Under this platform, Roche will reimburse the Company for certain costs incurred related to R&D under the CDx development program with respect to approved and investigational markers. In addition, Roche will be required to make certain milestone payments upon the achievement of specified regulatory and commercial events under the CDx development program. Regulatory milestone payments of $600,000 are triggered upon obtaining FDA approval of a premarket approval application for each CDx product developed under the arrangement and are considered substantive. The R&D reimbursements and regulatory milestone payments will be recognized using a proportional performance model when earned by the Company. Commercial milestone payments are triggered upon the performance of a specified number of CDx assays for certain commercial clinical diagnostic uses. Any commercial milestone payments received by the Company will be treated similar to royalties and recognized in their entirety when earned.

Termination of the R&D Collaboration Agreement

The R&D Collaboration Agreement may be terminated by either the Company or Roche on a program-by-program basis, upon written notice, in the event of the other party’s uncured material breach. Roche may also terminate the entire R&D Collaboration Agreement or an individual program under the R&D Collaboration Agreement for any reason upon written notice to the Company, subject to certain exceptions. If the R&D Collaboration Agreement is terminated, license and IP rights are returned to each party and the Company must return to Roche or dispose of any unused samples delivered for profiling purposes. If Roche terminates the R&D Collaboration Agreement as a result of a breach by the Company, Roche retains the license rights granted to certain IP of the Company, and the Company shall refund to Roche any reserved capacity fees and database access fees previously received by the Company that were unused based on the passage of time up to termination for the given contract year. If the R&D Collaboration Agreement is terminated by Roche without cause, or by the Company due to a breach by Roche, the Company has a right to receive the contractual payments it would have expected to receive for each program had the agreement not been terminated.

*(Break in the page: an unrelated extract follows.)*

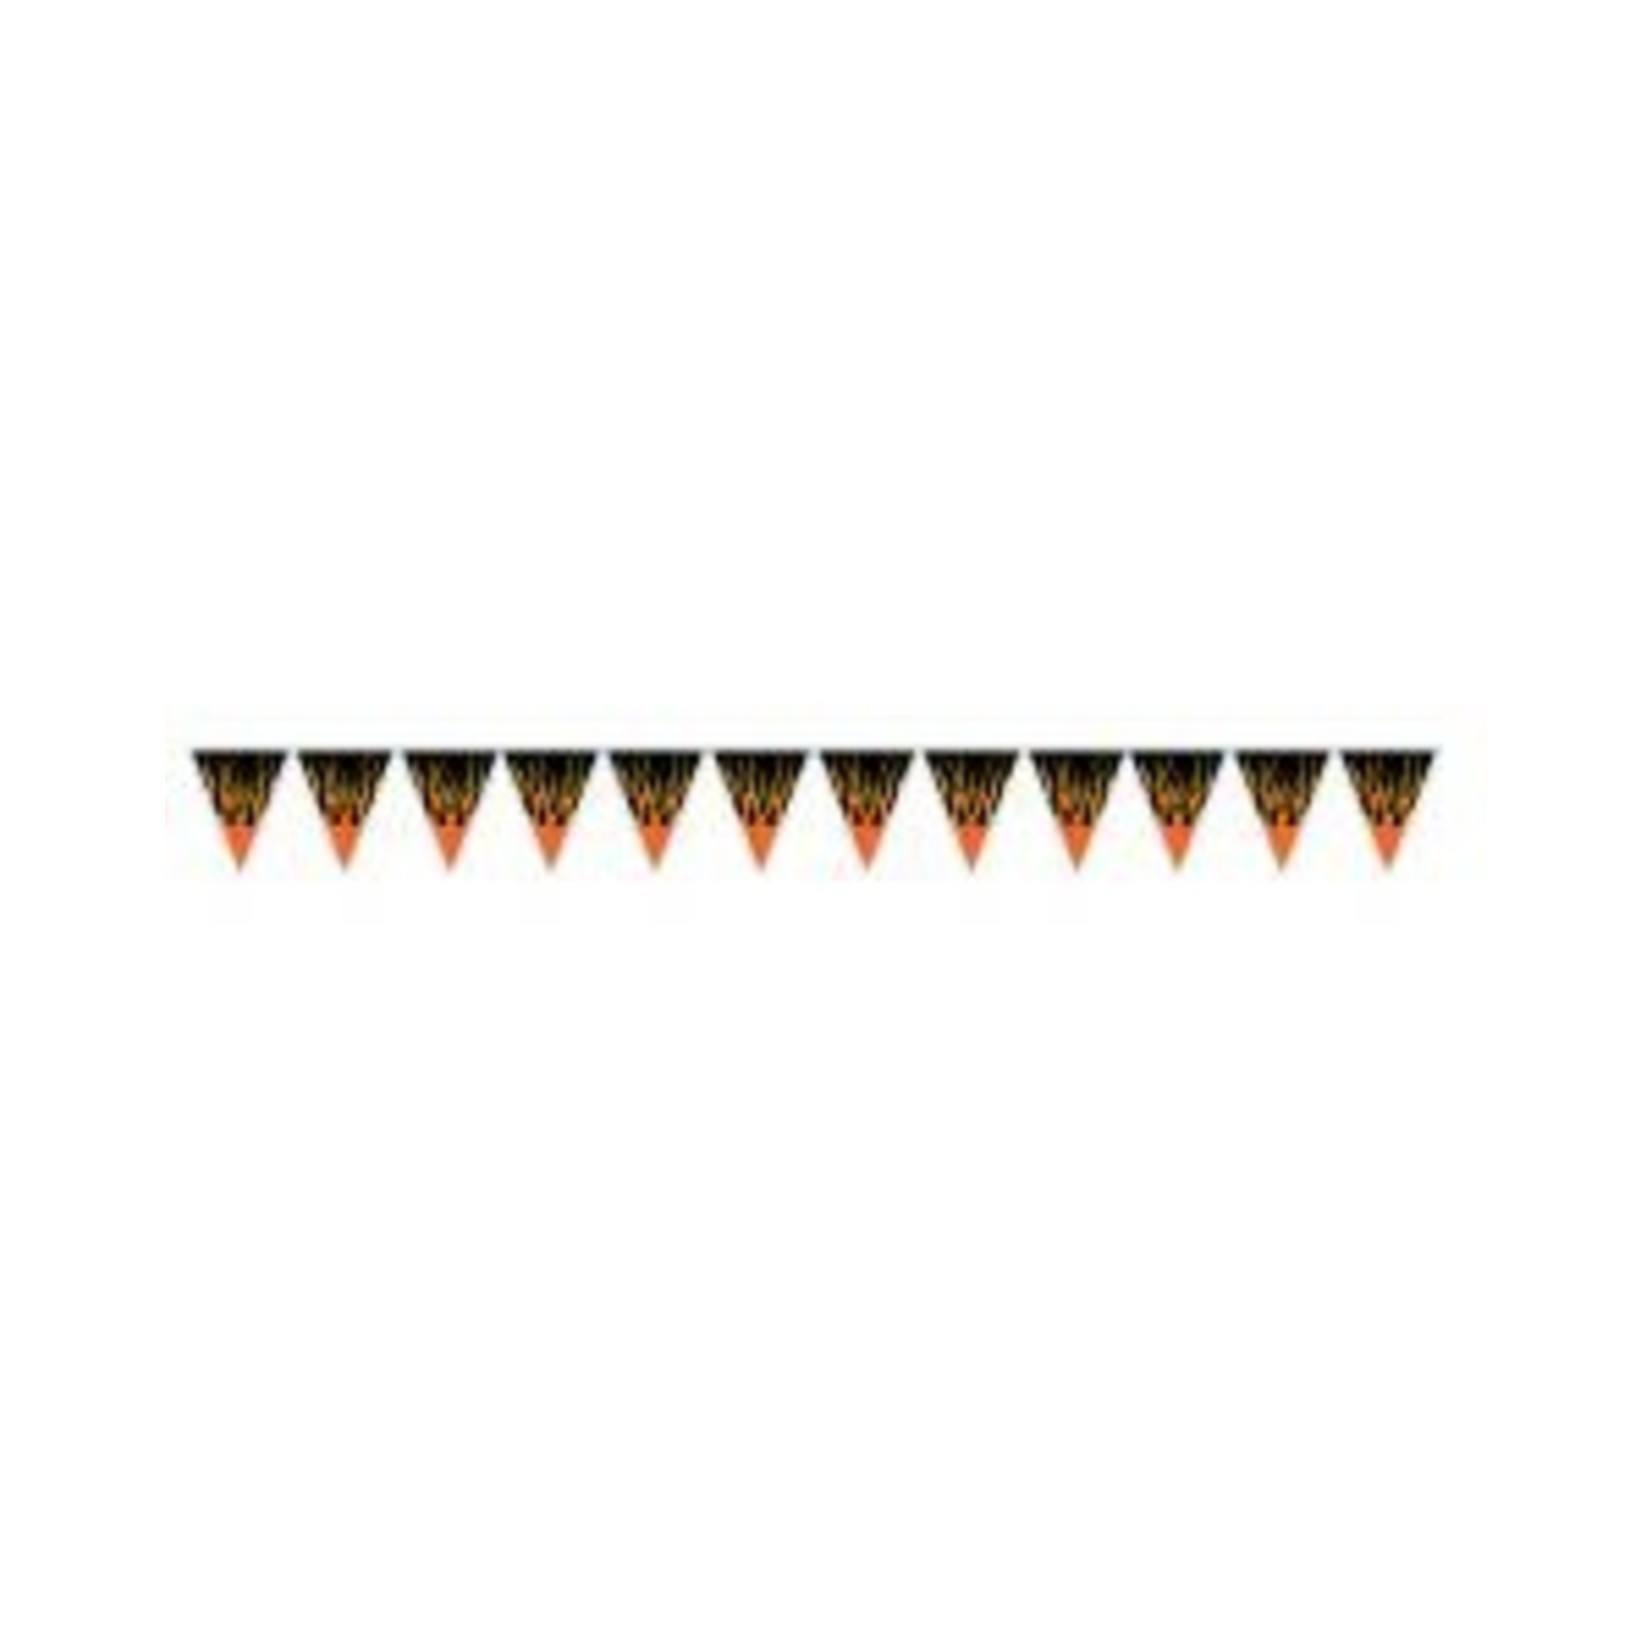 Beistle Flame Pennant Banner - 12'

Summary of the Ex-U.S. Commercialization Agreement

In addition to the R&D Collaboration Agreement, the Company entered into a commercial collaboration agreement with Roche designed to facilitate the delivery of the Company’s services outside the United States (“Ex-U.S.”) in partnership with Roche (the “Ex-U.S. Commercialization Agreement”). Pursuant to the Ex-U.S. Commercialization Agreement, on April 7, 2016, Roche obtained Ex-U.S. commercialization rights to the Company’s existing services and to future co-developed services. The Company remains solely responsible for commercialization of its services within the United States. The selected geographic areas where Roche exercised its commercialization rights constitute the “Roche Territory.” For those geographic areas that Roche does not select, the commercialization rights for such geographic areas revert back to the Company. The Ex-U.S. Commercialization Agreement is governed by the JMC. There is also a Joint Operational Committee (“JOC”) that has been established to oversee the activities under the Ex-U.S. Commercialization Agreement. The JMC will have the responsibilities as outlined under the R&D Collaboration Agreement. The JMC and JOC, although considered deliverables under the arrangement, are immaterial in relation to the entire arrangement and therefore were not considered when allocating consideration.

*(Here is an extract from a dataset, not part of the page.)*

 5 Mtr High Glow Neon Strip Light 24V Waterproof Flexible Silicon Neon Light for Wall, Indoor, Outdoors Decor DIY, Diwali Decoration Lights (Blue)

Under the Ex-U.S. Commercialization Agreement, the following deliverables were identified: (i) the right, granted by means of a license, for Roche to market and sell the Company’s services in the Roche Territory and (ii) obligations to perform sample profiling and other services relating to Company services sold by Roche in the Roche Territory. The Company concluded that the license is delivered at the inception of the arrangement. The Company does not sell the license separately as it is closely connected to the sample profiling and other services and has little value to Roche without these services being performed. Therefore, the deliverables identified will be combined as a single unit of accounting under the Ex-U.S. Commercialization Agreement and revenue will be recognized as the service is performed for each test sold by Roche.

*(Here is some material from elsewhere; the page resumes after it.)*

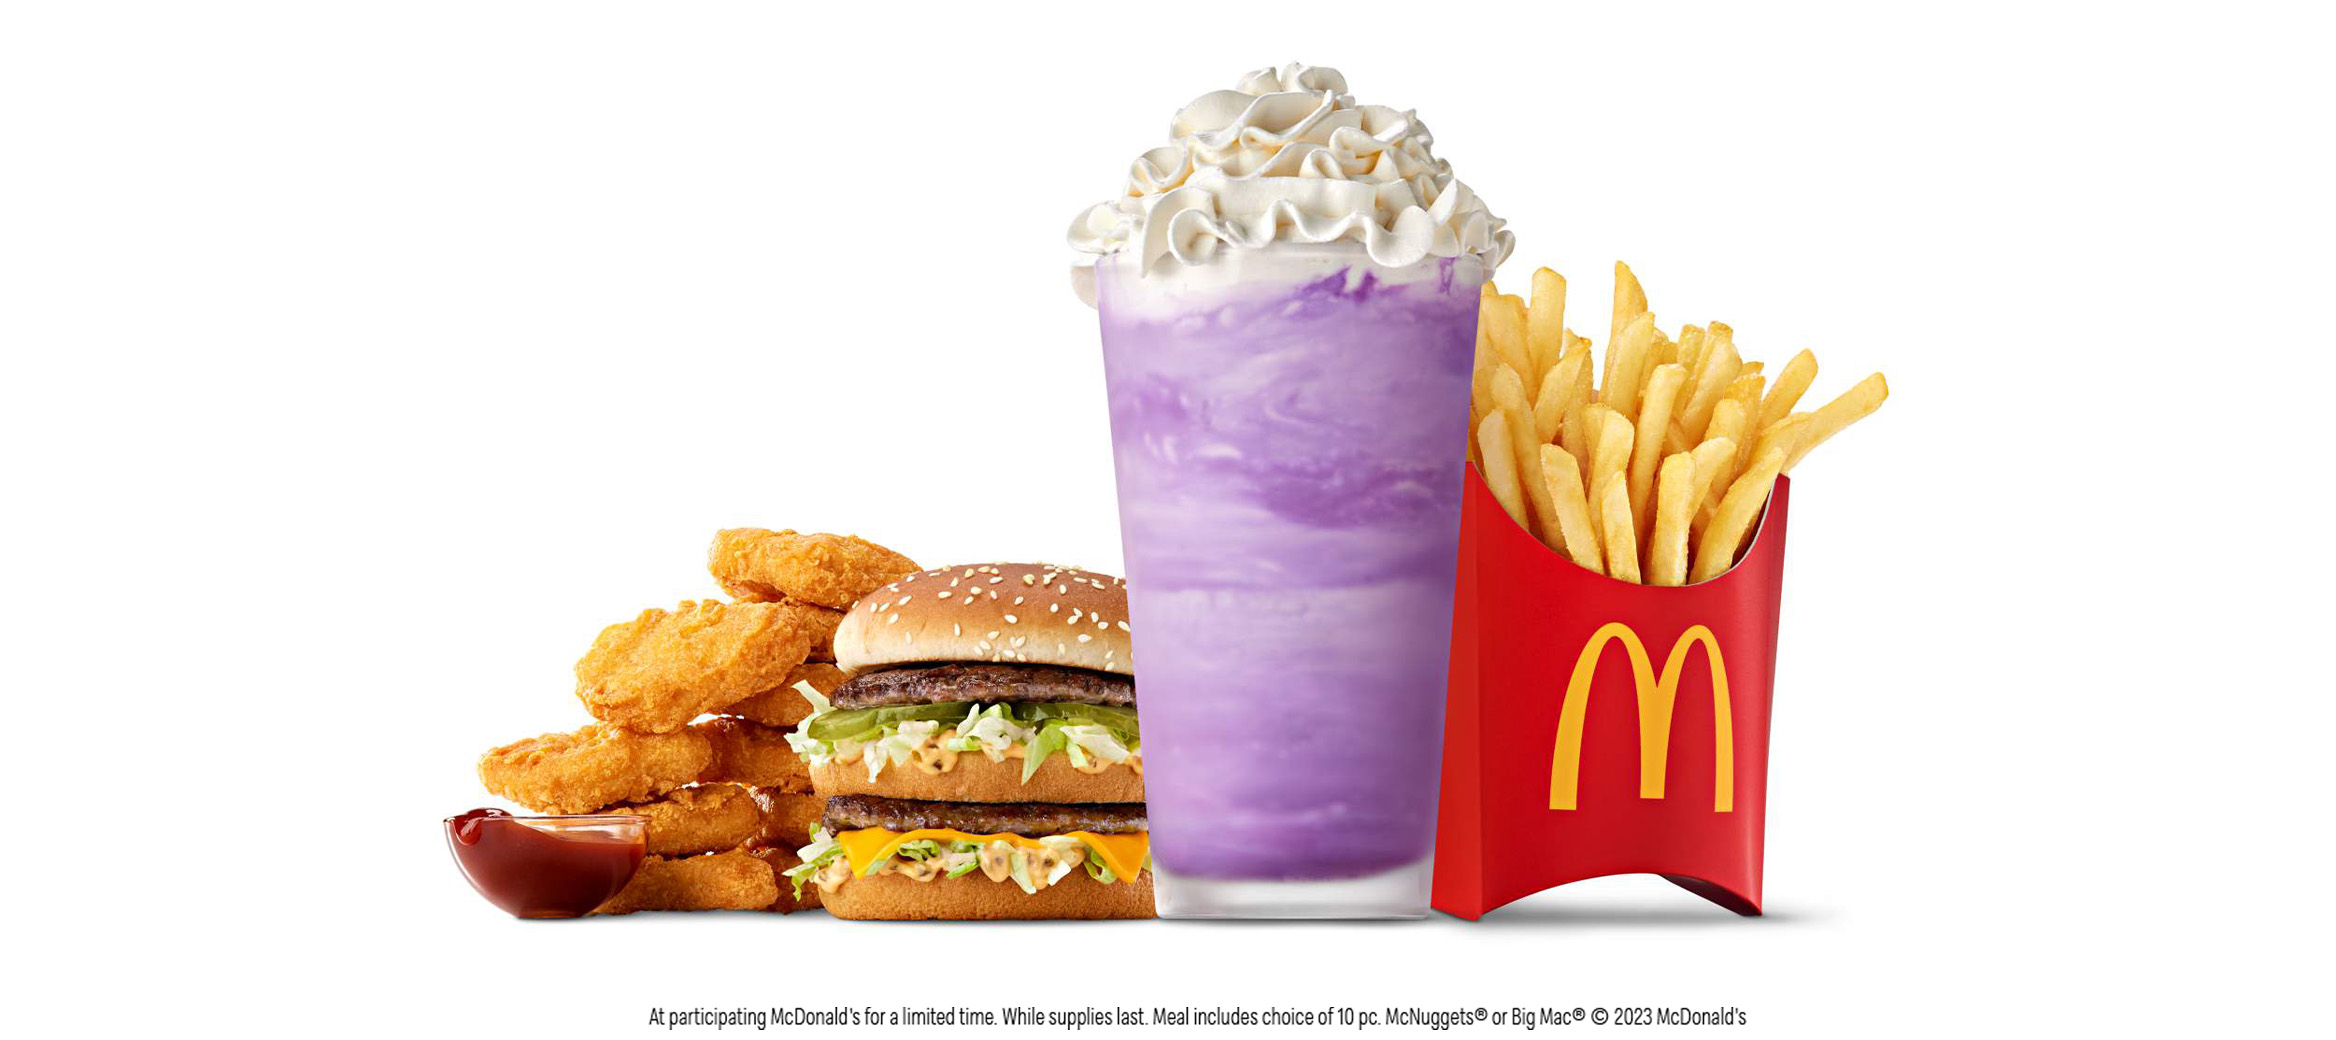 https://media.nbcchicago.com/2023/06/The-Grimace-Meal-and-Shake-1.jpg?quality=85&strip=all&fit=2336%2C1040

Roche will reimburse the Company for costs incurred in performing sample profiling and other services relating to Company services sold by Roche in the Roche Territory. These reimbursements will be recognized as revenue in the period the sample profiling or other service has been completed. In addition, Roche will be required to make a one-time milestone payment of $10,000,000 when the aggregate gross margin on sales of certain of the Company’s services reaches $100,000,000 in the Roche Territory in any calendar year. Roche may also pay delay fees to the extent Roche fails to launch Company services in specific countries within a specified timeframe. This milestone payment and these fees will be treated similarly to royalties and recognized in their entirety when earned.

The Company is entitled to receive, on a quarterly basis, tiered royalty payments ranging from the mid-single digits to high-teens based on a percentage of the aggregate gross margin generated on sales of specified services in the Roche Territory during any calendar year. Royalty payments are recognized in the period when earned.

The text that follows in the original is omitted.